Hier, la mairie de Paris nous expliquait n'avoir pas encore reçu la fameuse lettre réclamant à Christophe Girard une réponse pour le 26 août, concernant l'augmentation de la prime dominicale.

Joint par Actualitté, Bertrand Pieri, responsable syndical s’est d’abord étonné : « Ils vous ont dit ne pas avoir reçu la lettre ? Elle a été remise en main propre au cabinet de monsieur Girard (adjoint au maire de Paris chargé de la culture, ndlr) avec accusé de réception… ». En mains propres, avec AR... on peut s'étonner. Mais soit. Mise à jour du 11/08 : la Mairie de Paris nous certifie avoir finalement bien eu connaissance de la lettre papier.

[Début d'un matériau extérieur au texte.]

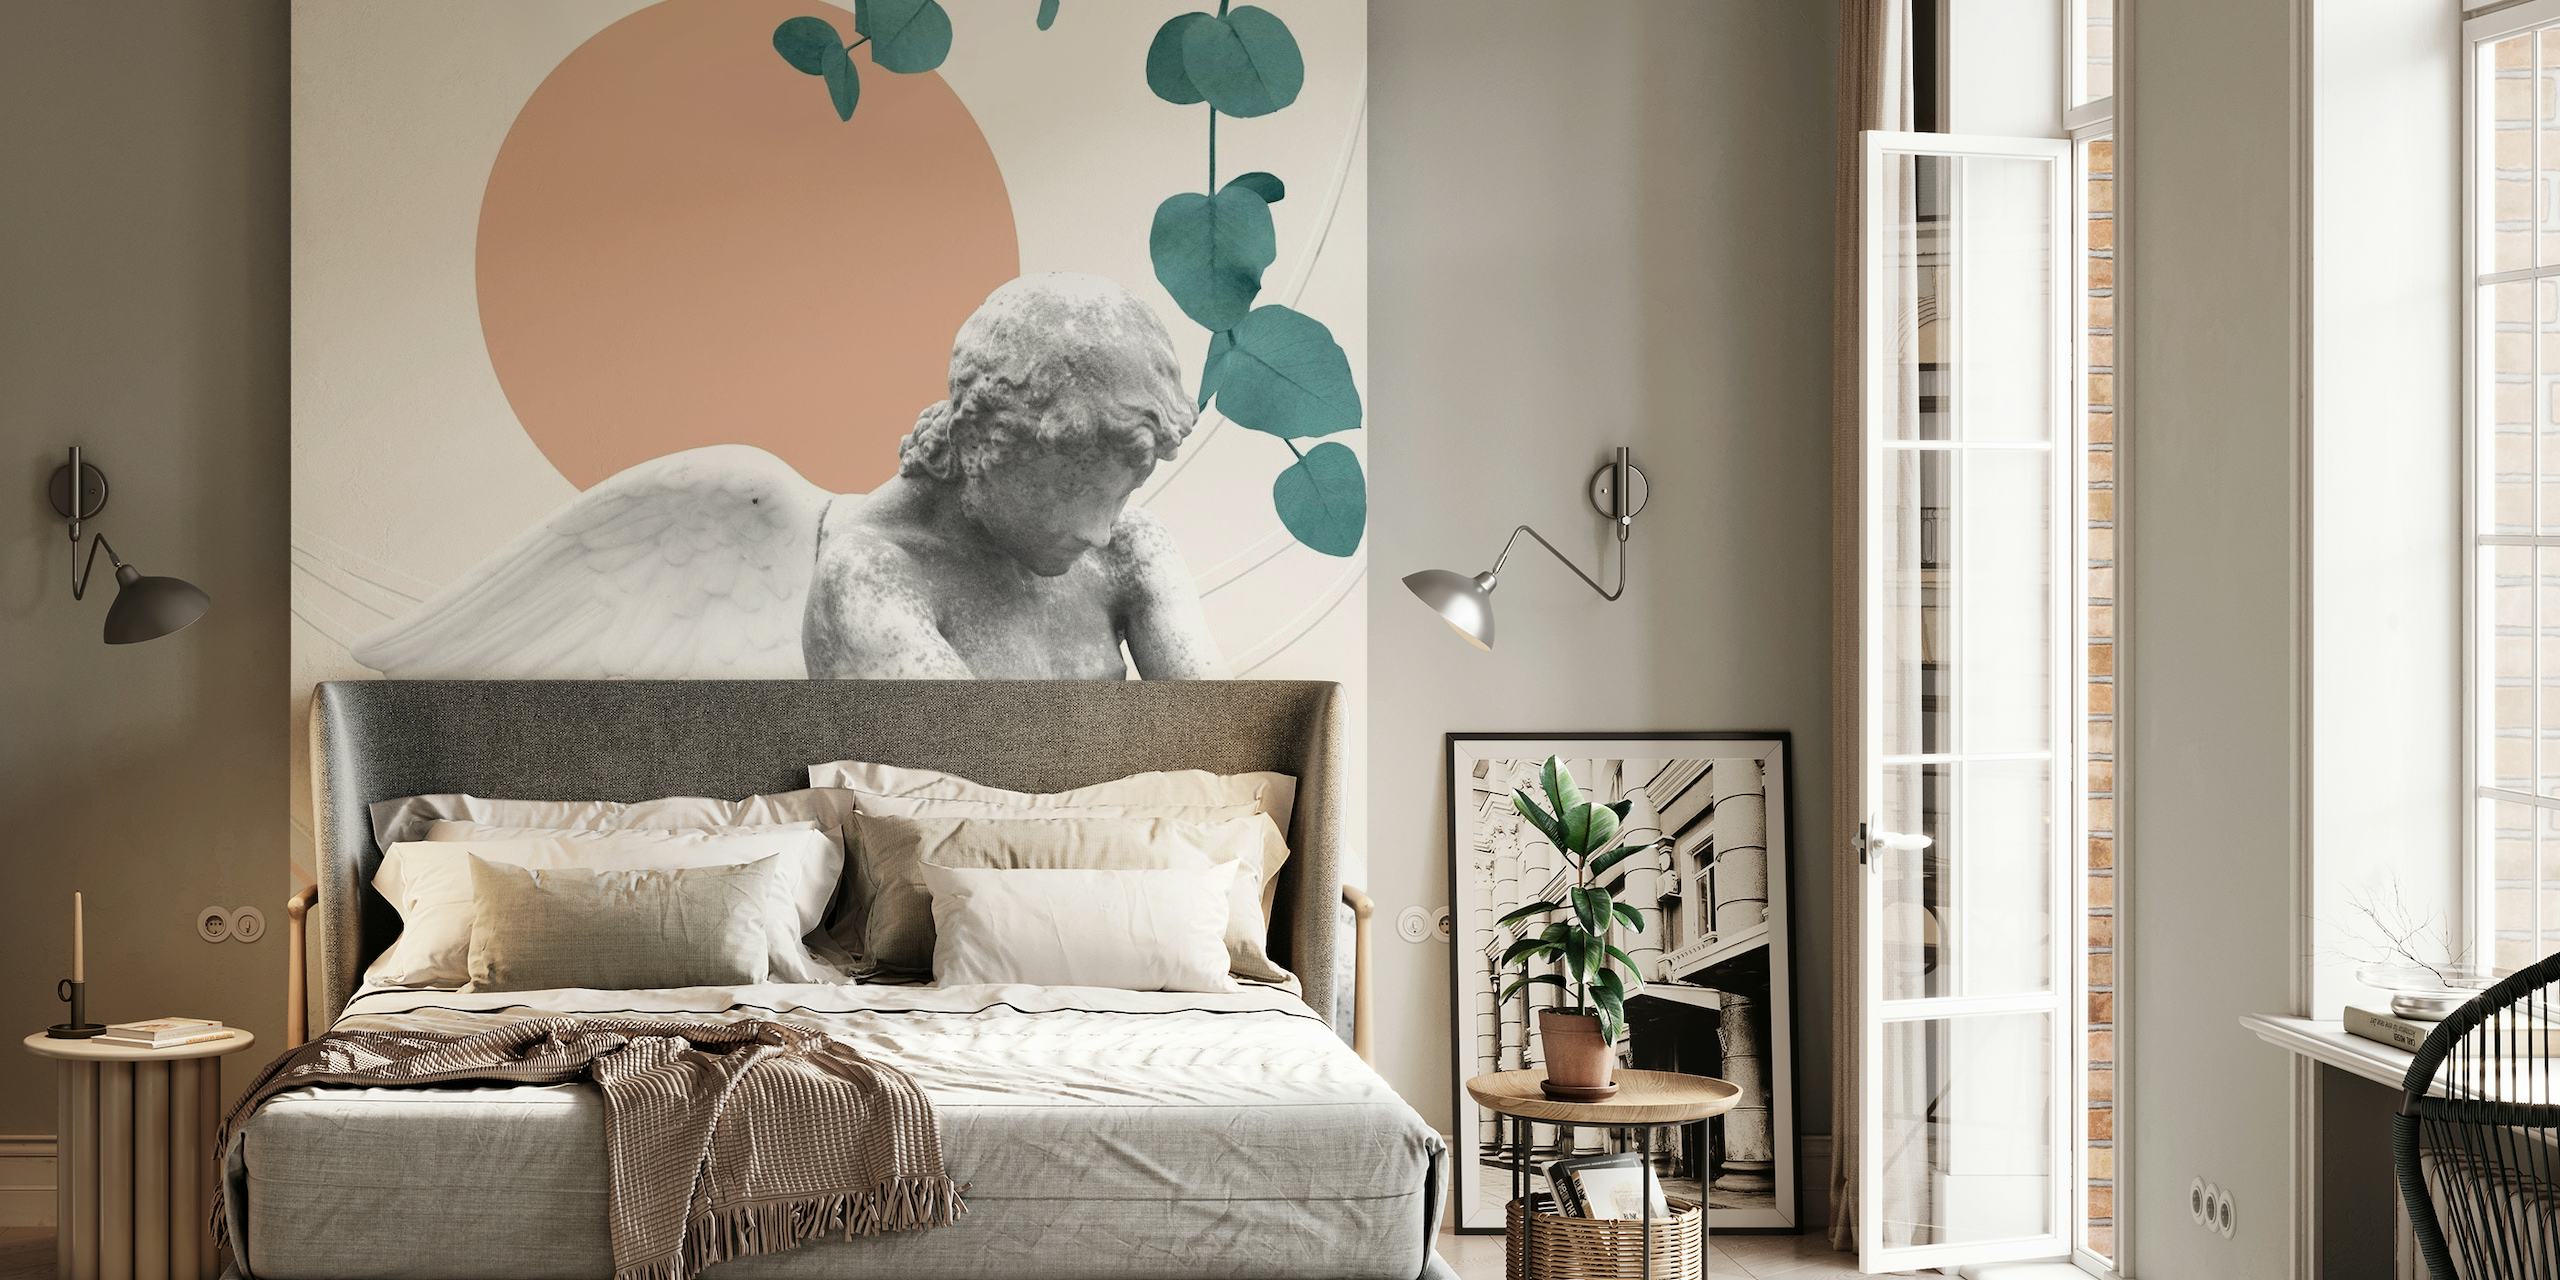 Mural de pared Eros Abstract Finesse con querubines, texturas de mármol, formas geométricas y elementos botánicos.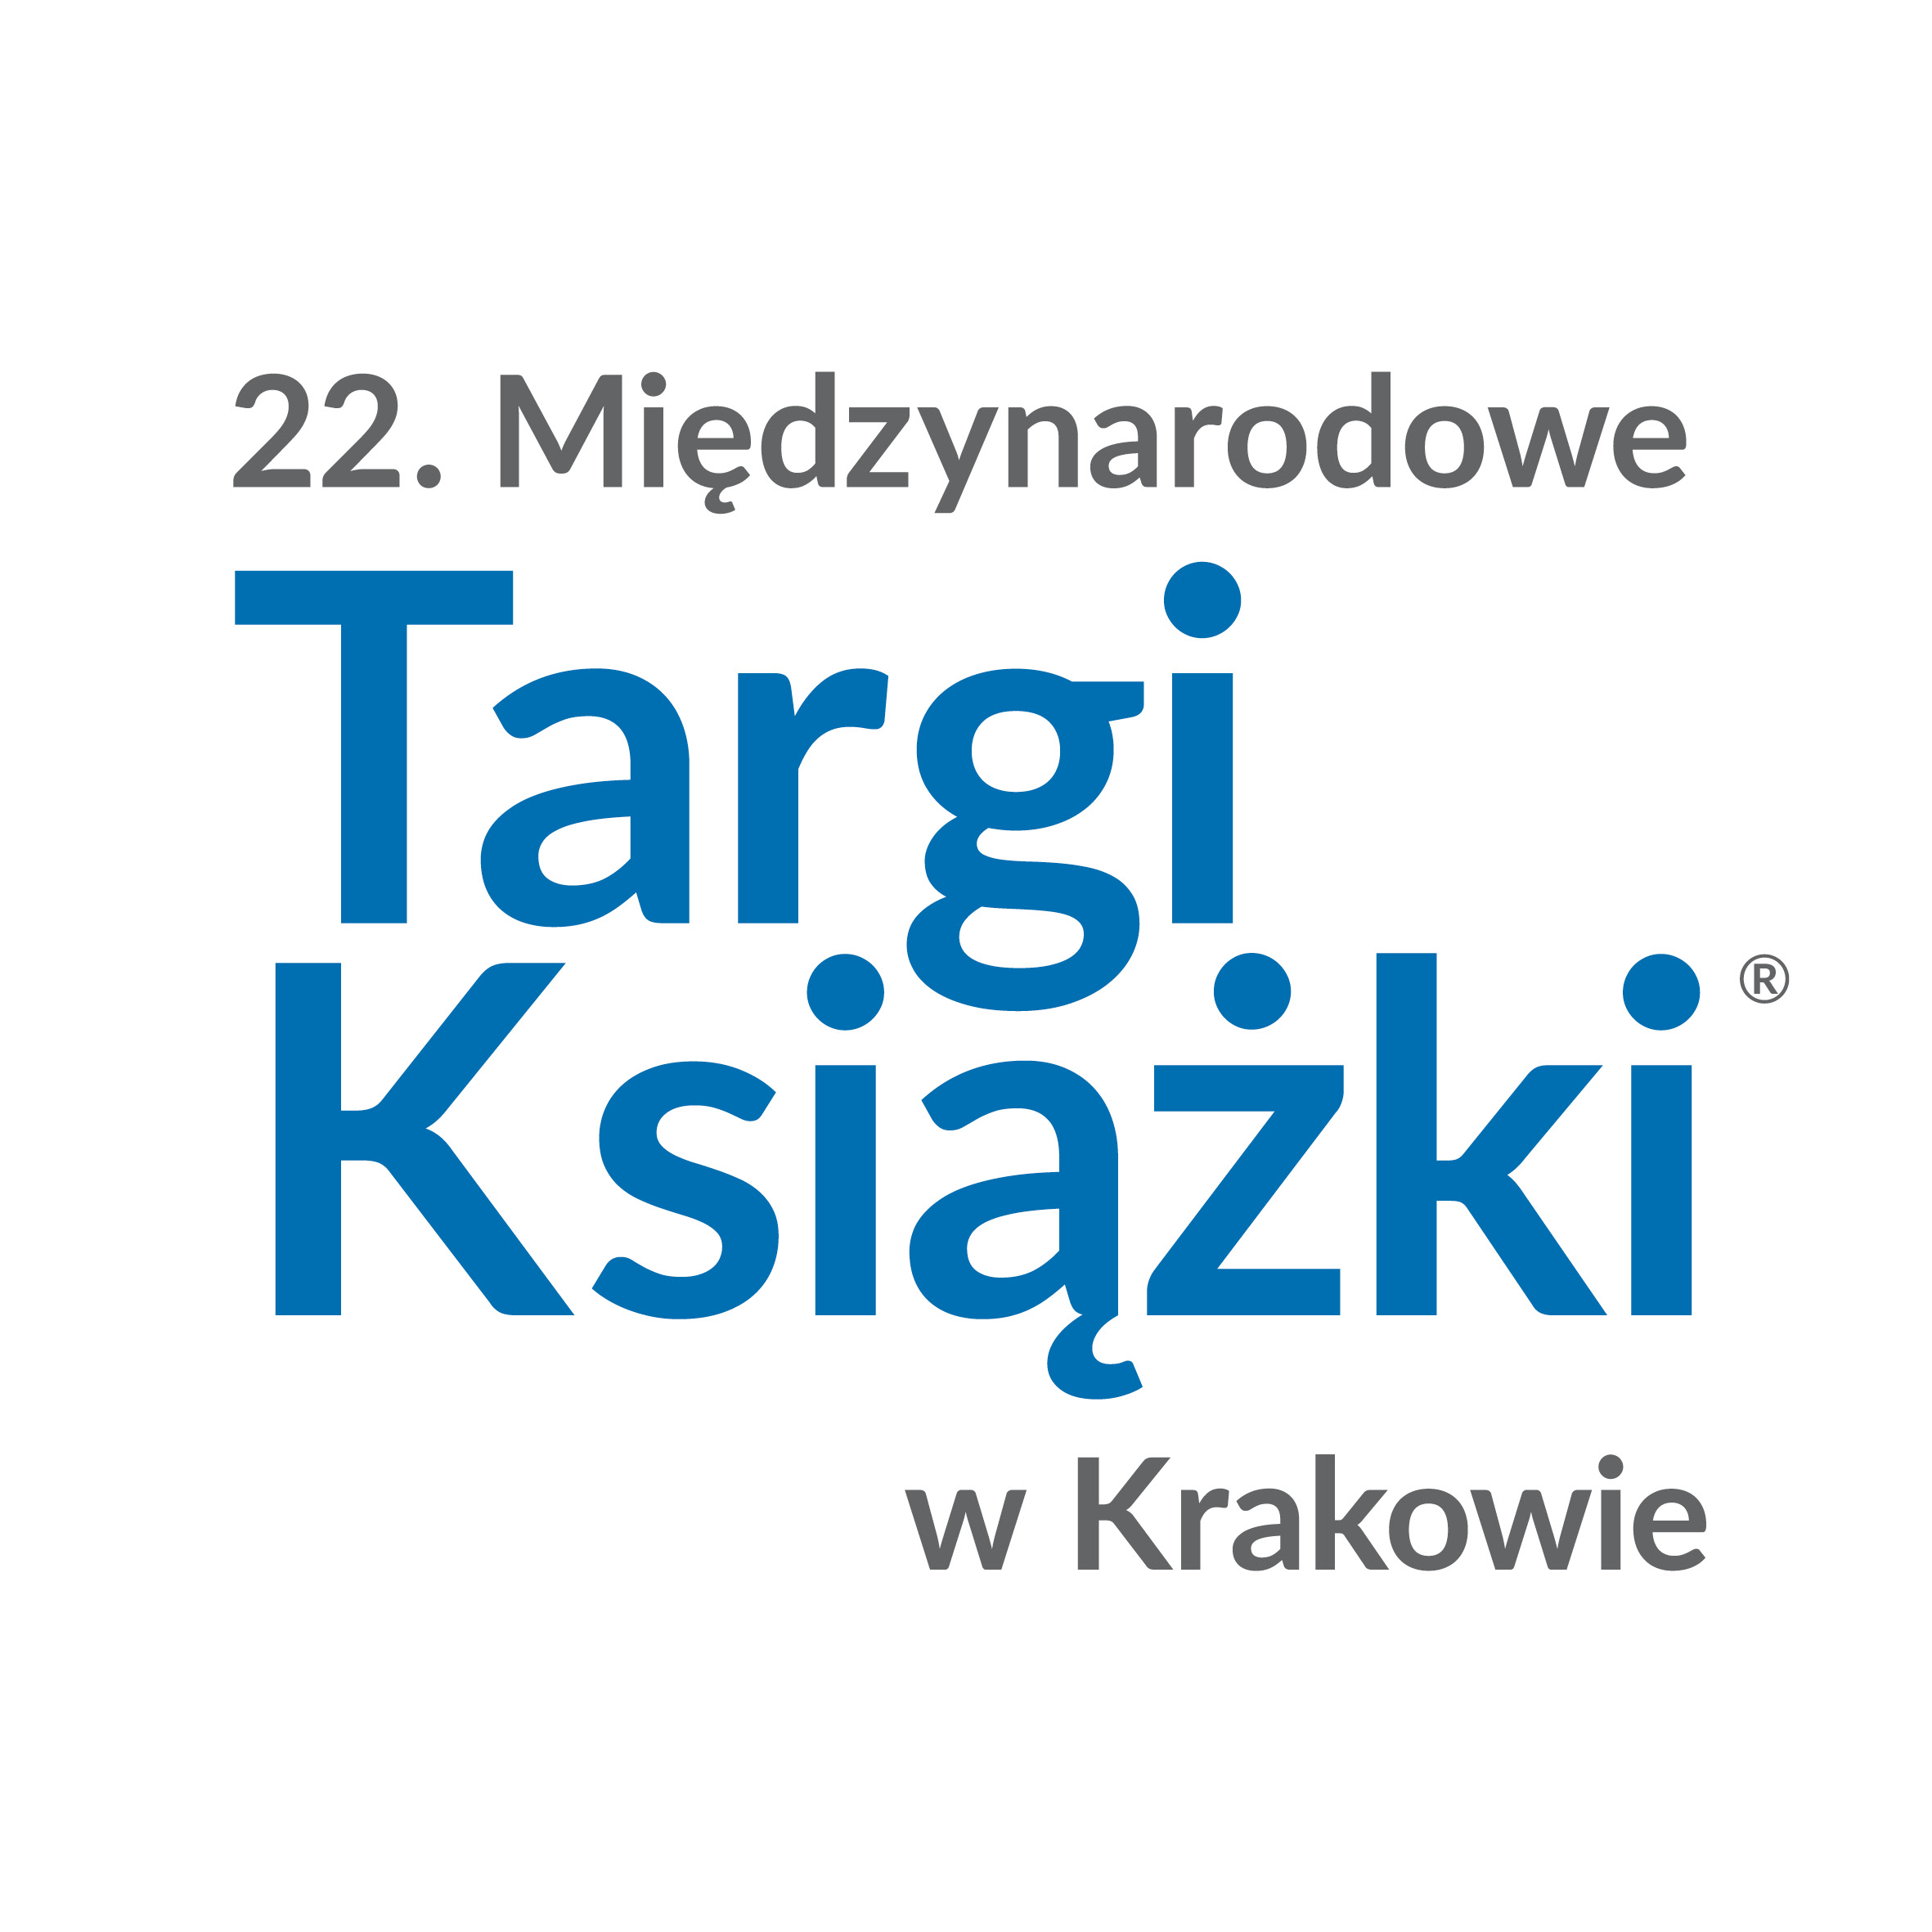 Grafika z logiem Międzynarodowych Targów Książki w Krakowie

Appel du pied à botter en touche ?

La médiathèque Marguerite Duras, Paris XXe
La missive en question est un avertissement des trois bibliothèques parisiennes qui ouvrent le dimanche. En effet, le personnel de celles-ci demande une prime dominicale de 100 €, plutôt que les 75 € actuels. L’intersyndicale CGT, CFDT, CFTC, FO, UCP, UNSA et Supap FSU demande une réponse de la mairie avant le 26 août, date de l’AG du personnel des trois bibliothèques, François Truffaut (Ier), Marguerite Duras (XXe) et Marguerite Yourcenar (XVe).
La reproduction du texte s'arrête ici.